## COLLECTED DATA
•••••

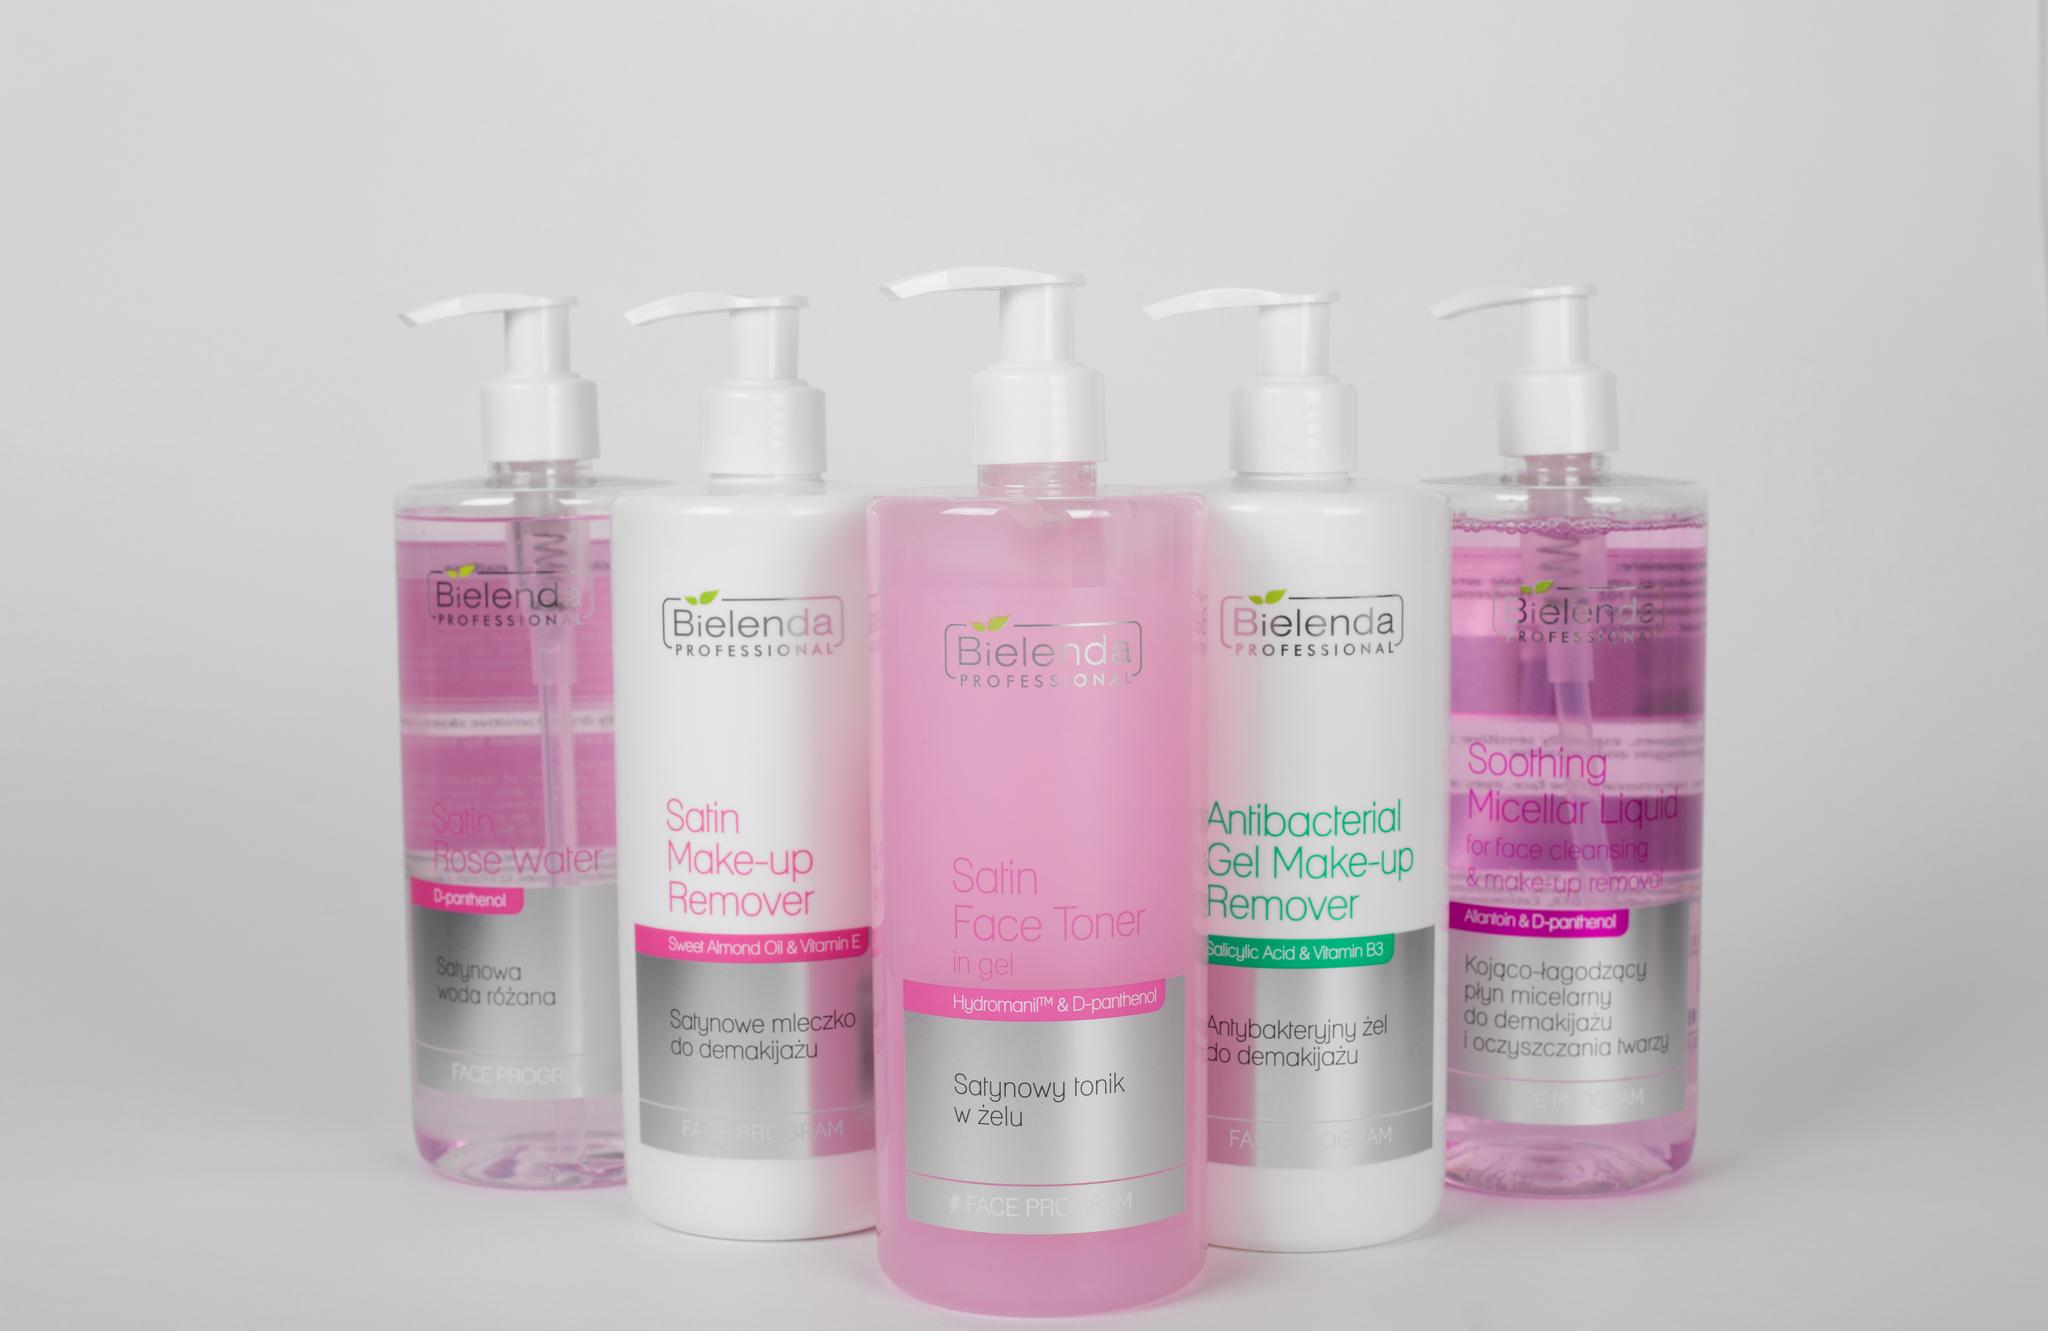 CLEANSING Успокаивающая мицеллярная жидкость для снятия макияжа и очищения лица, 500 мл.
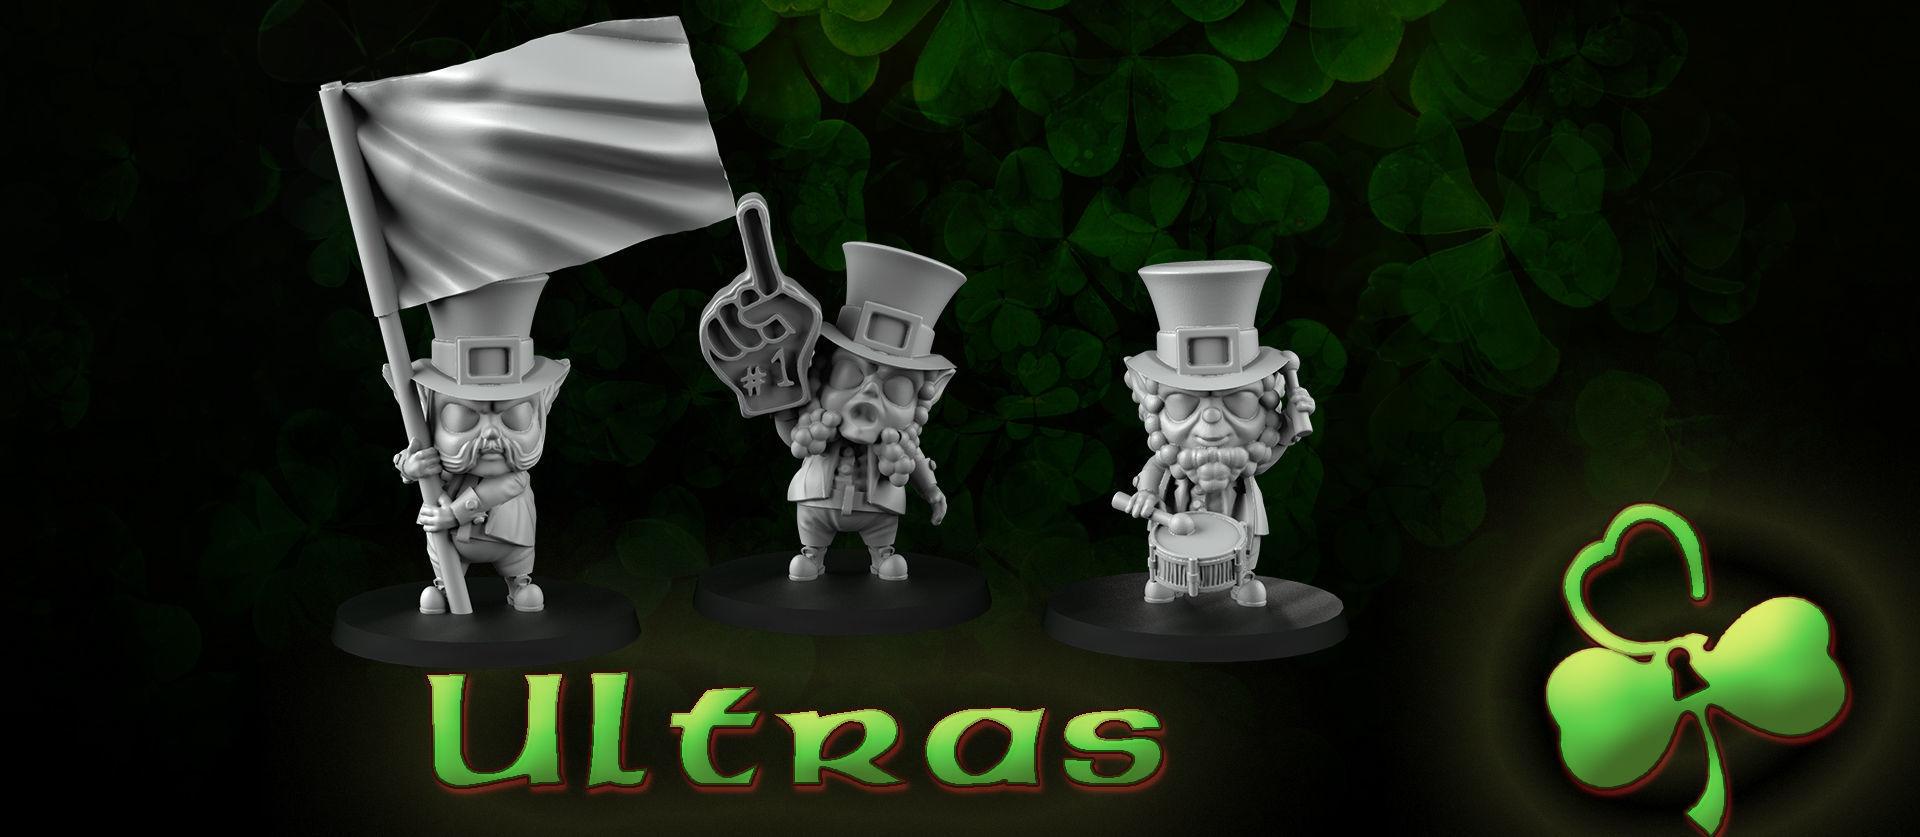 Ultras leprechauns
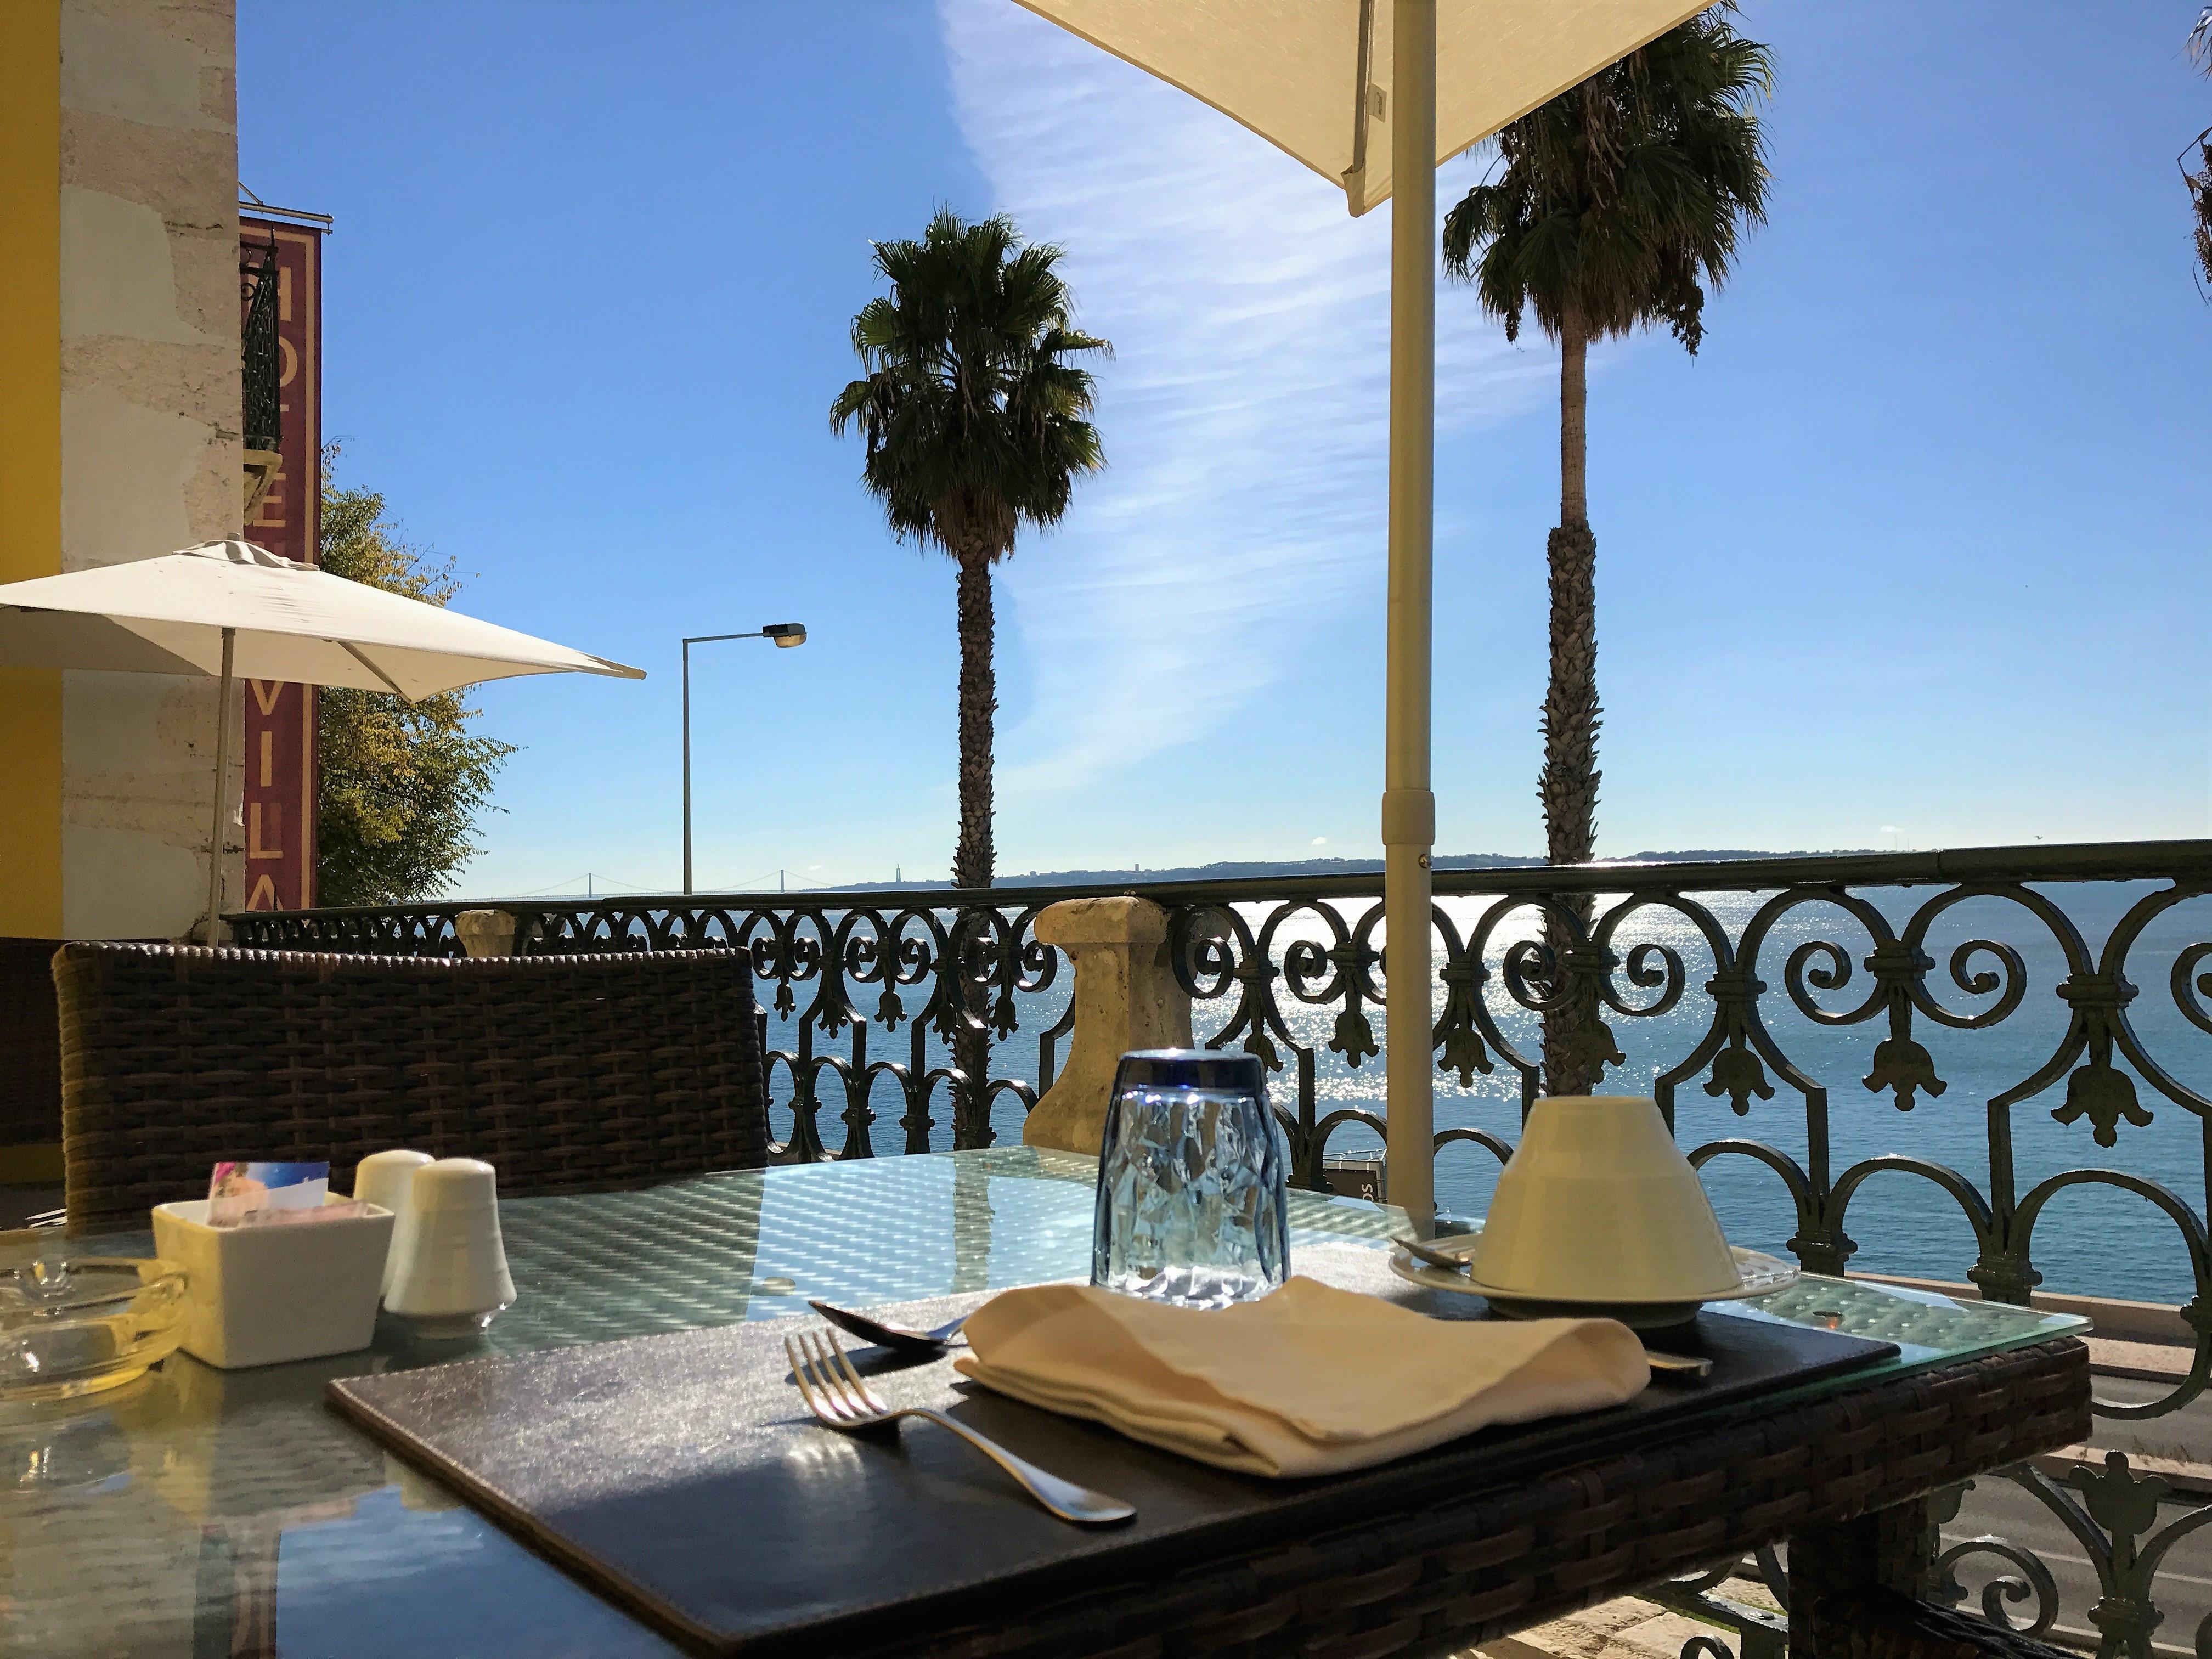 Terrasse du restaurant du Vila Gale Palacio dos Arcos - Hotel 5 etoiles pres de Lisbonne

•••••

## WHAT IS EXPECTED
Nothing but an exact transcription of the material, without pictures, should be returned.

## WRITTEN RESPONSE
 CLEANSING Успокаивающая мицеллярная жидкость для снятия макияжа и очищения лица, 500 мл.
 Ultras leprechauns
 Terrasse du restaurant du Vila Gale Palacio dos Arcos - Hotel 5 etoiles pres de Lisbonne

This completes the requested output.